Isabelle Albuquerque (singing/writing): I like these questions! What are the most desirable cat traits? Instinct, can go down a nine-story drop no problem… Mice can hide anywhere. They have a really good sense of smell.
Jon Beasley (producer/electronics/etc.): They're good scavengers. They don't have to think too hard.
What has Hecuba scavenged lately?
I: Funny you ask-I love to scavenge. There's kind of a new rule-when we lived in New York, Jon set down the rule: no more trash in the house! I'm so hungry for things on the street, but I've been pretty good. Mostly rocks and twigs and pods lately.
Are you nesting?
I: We live near Echo Park lake. We make maracas out of pods-they make good shakers.
Why is Isabelle the mouse and Jon the cat?
I: In the EP we were exploring these ideas of power a little bit. The big guy and the little guy were coming out a lot-man-woman and all that stuff. And the mouse always wins-the mouse is a little smarter.
J: The first song for the record was ?Sir,' and there's a line in the song-?like a cat and mouse, you're looking after me.' There was something interesting in that idea of what ?looking after me' could be. Maybe cat and mouse were friends even though they're biological enemies.
Like in the Warner cartoons when the sheepdog and the wolf clock out and say goodbye?
I: Exactly. And we have to tell you a story you won't believe. I want you to believe it-it's true.
J: I was picking Isabelle up from her sister's house and I saw the back of a strange dog go by and then the back of a cat go by, and there was something weird about it. And then they came by again to the front of the hill where I could see-the first one was a coyote, and the second was a tabby cat!
I: He was chasing the coyote! A house cat! If we had had a videocam, we'd be millionaires!
What is the Sir concept? Some of it seems like it's from Orwell-some of the lines about language and authority.
J: One big thing indirectly-a book that's one of my favorites. Heart of a Dog by Bulgakov-a Russian writer. Basically the fable of a dog on the streets who's taken in and ends up becoming human, but he still holds on to the dogness. It's a real conflict, and in the end he goes back to being a dog and he's much happier. It's a really intense satirical book-written in 1925. It didn't come out right away-I'm no expert, but I think it was censored. But it's amazing. And also the sense of the fable-that really old way of putting characters into animals to make these metaphors. And the other huge influence on us musically and on this record is Peter And The Wolf. Especially for the record-really trying to make the music illustrative. Like ?Tom And Jerry'-we're trying to be really literal with turning sounds into images. Like '3-D.' ?Wooooosh!' And I've always been super into the idea that each animal has a voice that's an instrument. I really like to try to tell stories. The music is just not background for the words. It illustrates the ideas. We come at it from-without a better way to say it-a cinematic frame of mind. We want it like a film-it tells a story.
The record has kind of a funny sense of nostalgia.

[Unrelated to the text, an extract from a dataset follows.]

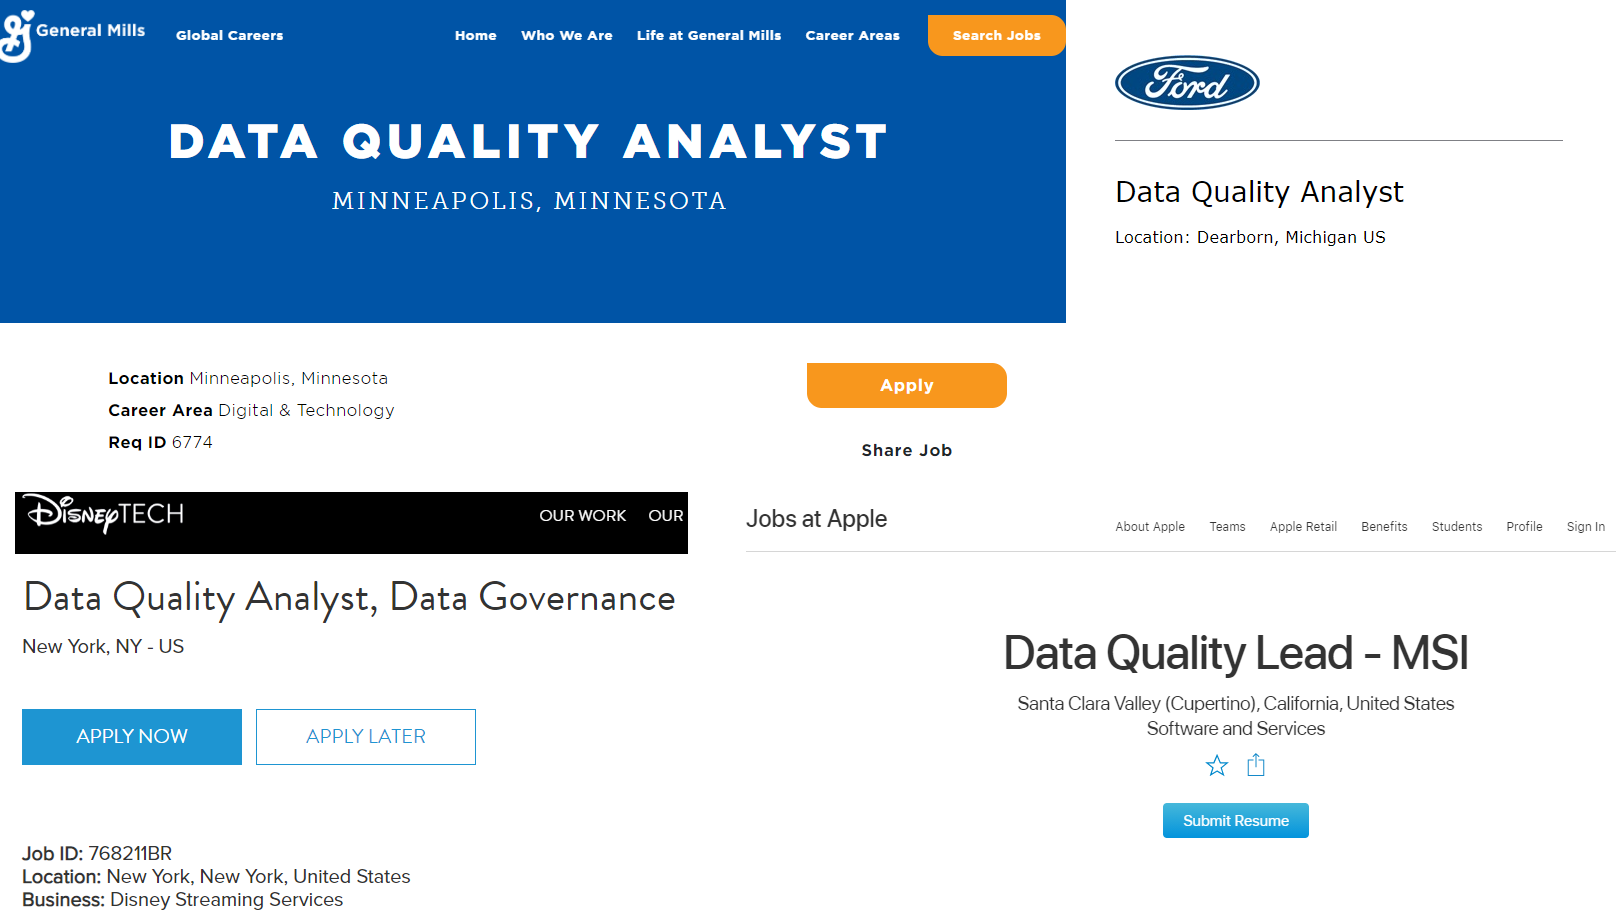 Data quality job posting examples: Data Quality Analyst at General Mills, Data Quality Analyst at Ford, Data Quality Analyst, Data Governance at Disney Streaming Services, Data Quality Lead at Apple
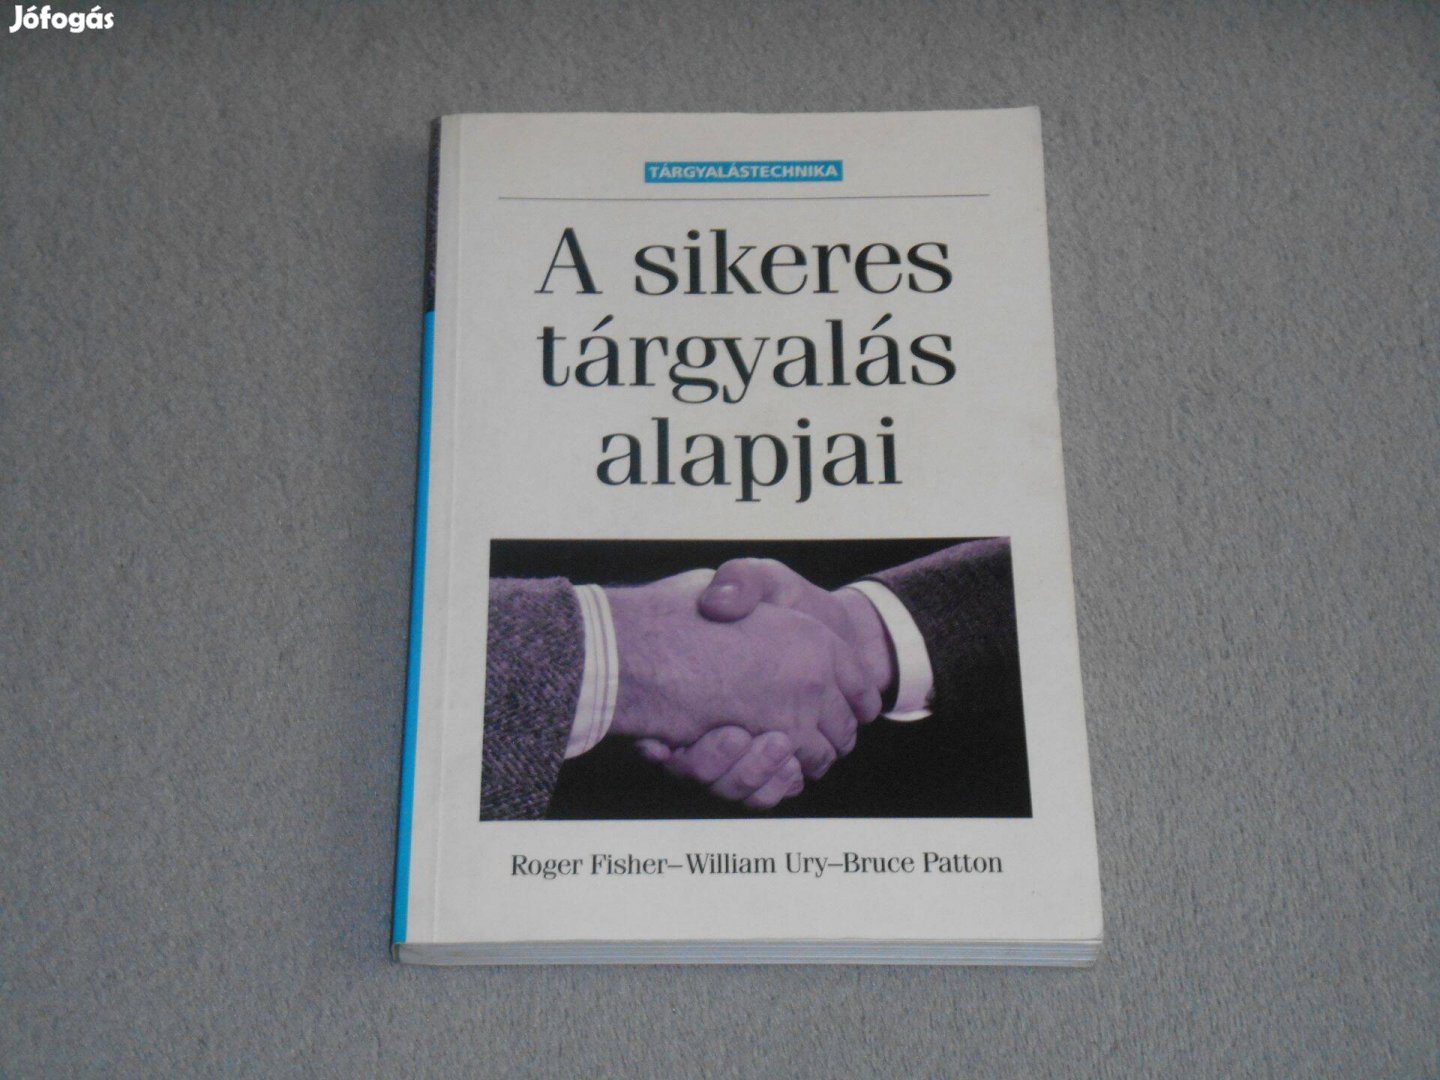 Roger Fisher, William Ury, Bruce Patton - A sikeres tárgyalás alapjai

I: It's almost like looking back from the future. That's so prevalent in L.A.-even that Hollywood idea is really old, but you still feel it. We got inspired by Walt Disney. We were thinking of him as one of the greatest artists of the 20th century. And he's so close to us-at Forest Lawn! We just feel him!
J: We're really affected by place in another way. Like the songs that we've made since that EP that we're working on for the new record-that we play live-are much more deeply involved in the west.
I: The dreamers.
Of the golden dream?
I: That's exactly it. The whole idea of all these people coming here. And we're dreamers.
J: Same as the gold rush. I think there is something about what starts a place that stays there. The spirit of California, and it's still that way. It creeped in.
I: I did a series of posters for a show-the headshots. I found a beautiful headshot that started it, but I had to find others, so we went to Hollywood Boulevard and dug through photos of forgotten people. So much longing-so deep. You're like-?Oh…'
J: It's sad and beautiful-but not sad at the same time.
Do you find funny things strike you as sad more often than sad things strike you as funny?
J: I'm not sure. I think sometimes our songs begin sadder than they end up, you know? We want it to have both sides. ?Tom And Jerry' is about scary things in a way, but it's buried in there. The cartoon sounds and all that stuff gives your more dimensions.
I: Things that we're all afraid of or that make us all totally sad-it's a way to talk about them in an abstract way. It's abstract if you can laugh. Josephine Baker made sex funny in the ?20s.
J: Even Disney.
I: Bambi! Shit, you wanna die after that!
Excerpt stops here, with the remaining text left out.